Навстречу бежали ребята по влажному, пружинящему под ногами ковру шпорыша.

— Миша, куда вы?

— Мама, мы сейчас вернемся, — донеслось до Елизаветы Гавриловны, — мы к обрыву, на войну поглядим.

— Повечеряли бы.

— После. Мы скоро.

Дети скрылись из глаз.

— Девчонку с собой потащили. Миша! Петя! — позвала она, но их давно уже не было видно.

К обрыву собирались люди.

Внизу в последних лучах косого солнца догорал Бо-гатун и хмуро шумела Кубань. По бугру, за загатами и деревьями, расположились вооруженные старики из богатых семей и молодые казачата, привлеченные интересным разворотом событий. На переправах дозоры сменялись не по главной дороге, а по тропке, мимо Красных скал и заливного поля люцерны.

Миша и Петя очутились рядом с Ляпиным, пристраивающим винтовку в рогульку корявой груши-дички.

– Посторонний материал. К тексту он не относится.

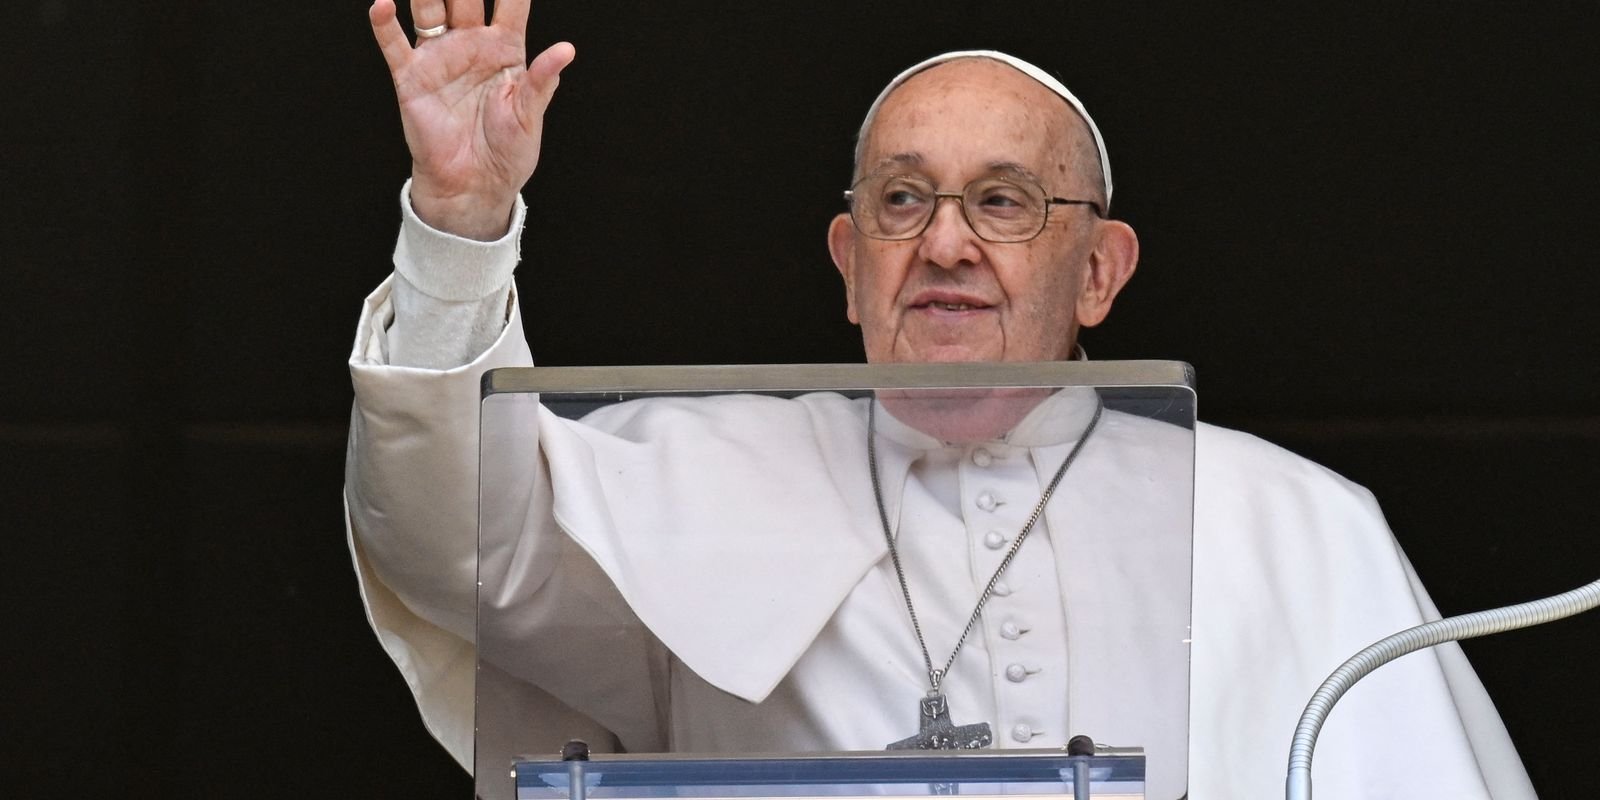 Papa faz crítica a armas e preservativos em conferência pró-natalidade

Миша нечаянно подтолкнул Ляпина, тот, выругавшись, размахнулся кулаком. Узнав Мишу, сменил гнев на милость.

— А, это ты, шкубент-урядник! Ну, ложись рядком, поговорим ладком. Видишь богатунскую площадь?

Село лежало как на ладони. На площади ясно очерченной лавками и заборами, стояла церковь.

— Вижу, — сказал Миша, — а что там? Тачанки?

— Тачанки! — снисходительно усмехнулся вахмистр. — То хохлачьи орудия, батарея. Пригрели гунибовцы змеев за пазухой. Видишь, дулами до нас повернулись.

— Теперь вижу. — Миша подтянул поближе Петю и Ивгу. — Видите, орудия хохлачьи. Дядя Тимоха, а я думал сначала, что то не дула, а дышла, да еще сомневался коли тачанка, так у ней же четыре колеса, а тут всего два.

— Сверху и впрямь на брички скидаются, — согласился Ляпин, прилаживаясь, — «зеленым арбам, немножко стрелям», так азиаты балакают. — Вырвав с корнем мешавшую ему бурьянину, швырнул ее вниз. — На пупок пришлась, проклятая, жесткая.

— Тимоха, — крикнул кто-то с карагача, — кто-сь по площади двигается, ну-ка подшиби.

— Подшибу, не сумлевайся. Абы за щиток не сховался.

— Ты чего ж с дужки делишь? Надо на вскидок, с руки. А еще гвардеец!

От звука выстрела Ивга закрыла уши, уткнувшись лицом в горькую траву. Отползла в сторону, побежала. Девочку догнали уже в переулке. Она обвила шею брата руками.

— Чего ты, Ивга? — спрашивал Петя, чувствуя, как у самого глаза наливаются влагой.

— Страшно мне, страшно, — рыдала девочка, — там Вася. Может, его тоже убили?

Миша притронулся к острому плечику Ивги. Она не отдернулась, как зачастую делала, а наоборот, подалась ближе, словно ища поддержки.

— Ляпин шутковал, Ивга, — утешал Миша, — он такой баламутный всю жизнь, сколько я его знаю… Никого он и убивать не собирается.

— Собирается, собирается, — девочка топнула ногой, — он злющий, злющий…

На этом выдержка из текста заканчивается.